Now get out there and do what you still can to help! And guys (not intended to be gender-specific)... thanks.
For reading this.

There's a PSA on the radio right now about never really knowing what moments are going to stick in your kids' heads. The intent from there seems to be to remind dads to do stuff with their kids, but what it reminds me is to not try too hard to "have a moment" with mine.

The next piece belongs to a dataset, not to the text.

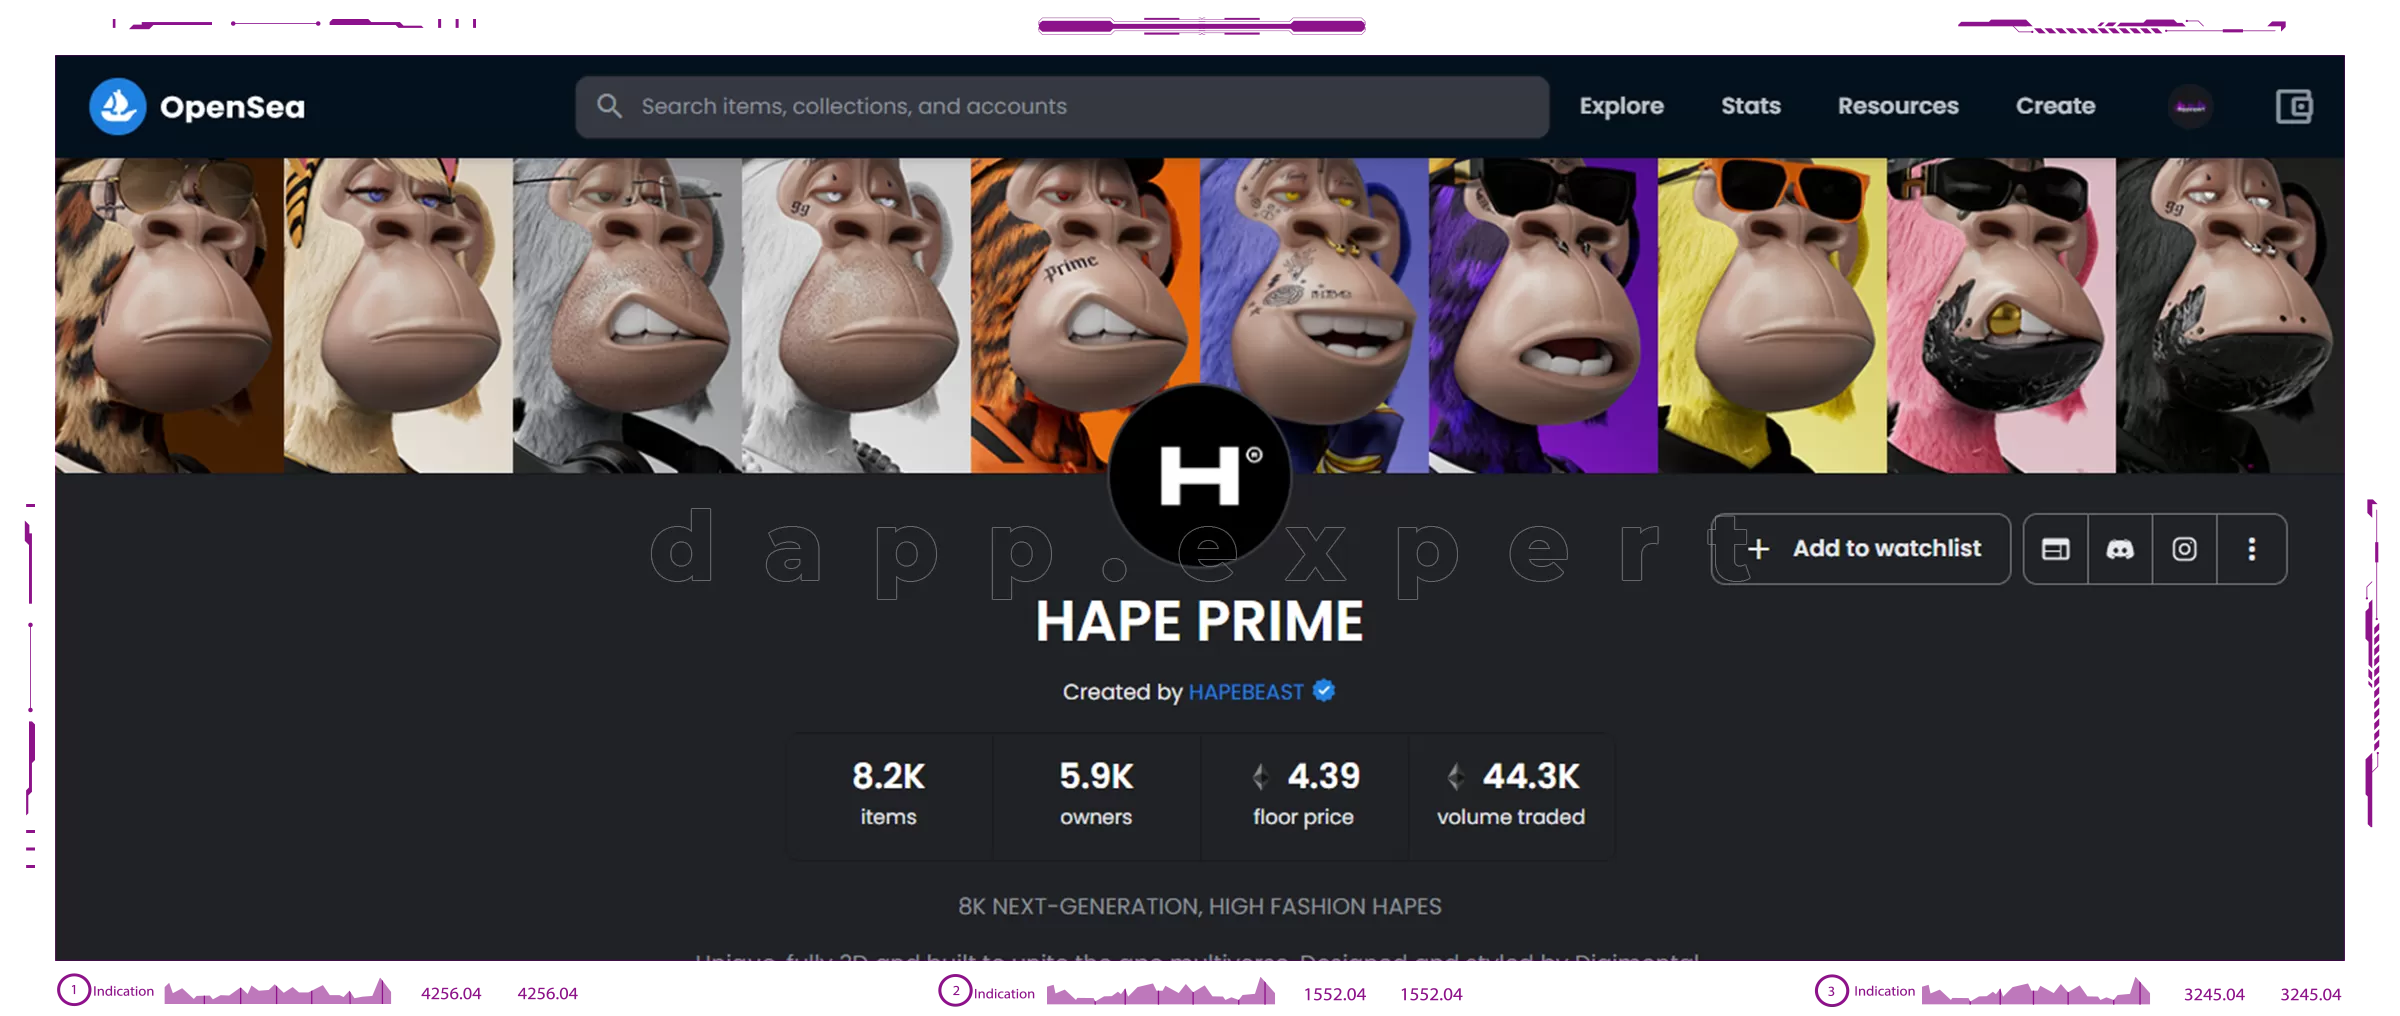 HAPE Prime dapps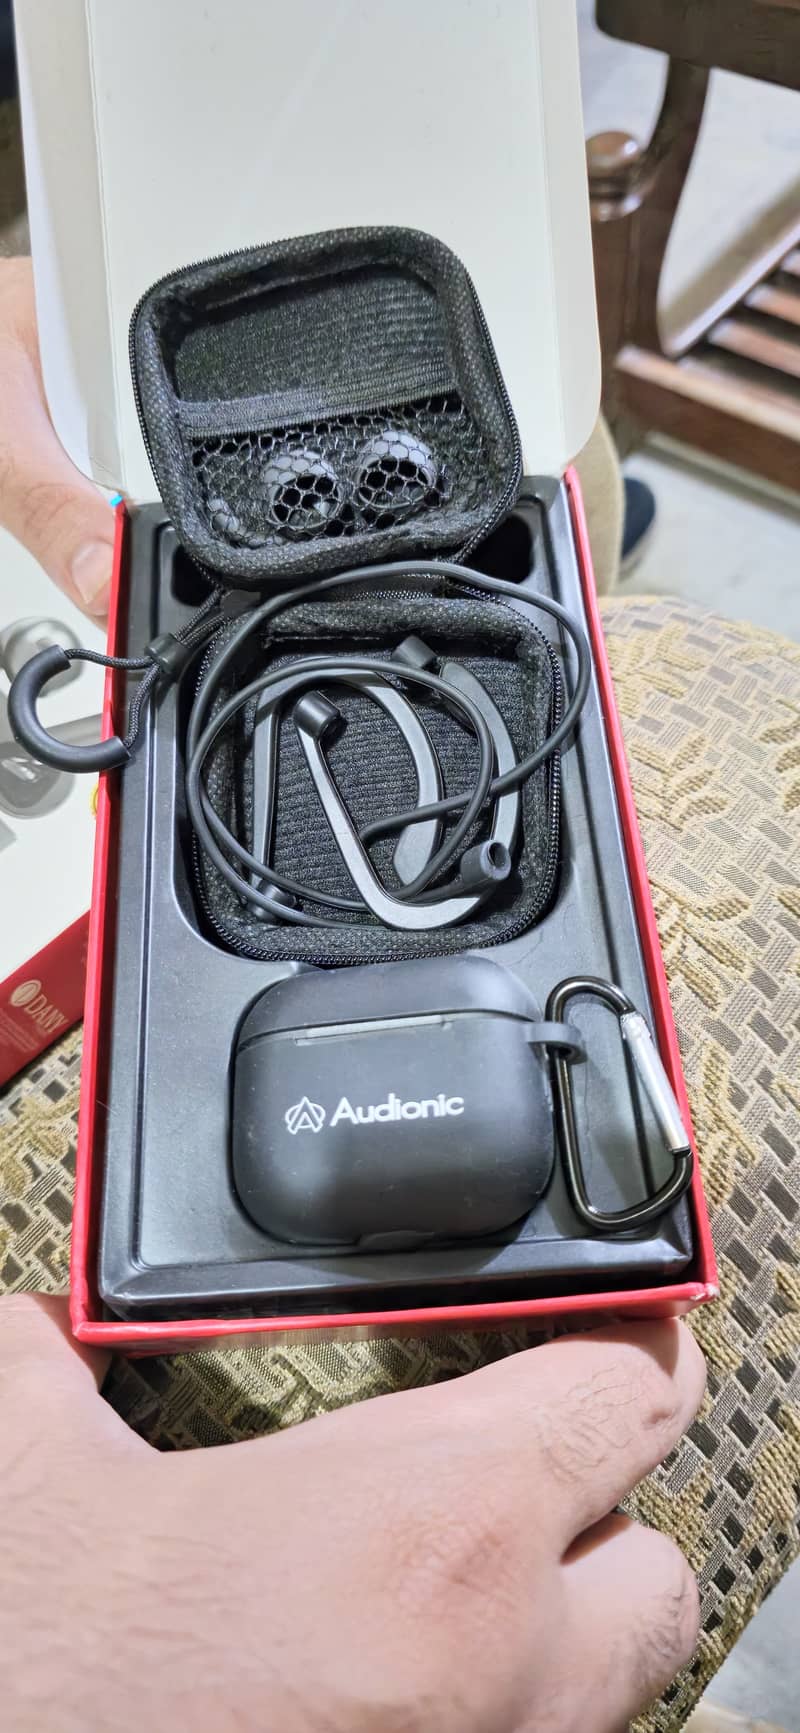 Audionic Airbud 5 Max 2

When Primo was three, he really liked fire trucks. He liked to wave at them, liked to climb on the one at our local children's museum, loved to see them on the way to a fire. So I arranged a tour of our local firehouse. It was easy and I recommend it. Anyway, we got to the station and Primo was borderline petrified. He wouldn't talk to the firemen (who were super-nice,) shook his head and buried his face in my hip when they asked whether he wanted to climb on the fire engine ... didn't even ask about whether they had a dog. When we were done, he ran to the car. Not "where next?" running. "Fight or flight" running. I still don't know what was wrong. Maybe he thought there was going to be a fire. Maybe it was "stranger-danger." Maybe it was overload. Whatever it was, it actually left me feeling a little bad.
Then, a couple months ago, we drove by the fire station and from the backseat he said "Daddy? Thank you for taking me to the fire station. It was really fun." So, put another tick in the "better" column of the "I remember that as being _____ than it was" tally board.
Maybe if I can figure out a way to be sure the firemen who didn't have to respond to an alarm earlier aren't reading I can write about something else I did so Primo could see a fire truck. And an M-1 Abrams tank! Twofer!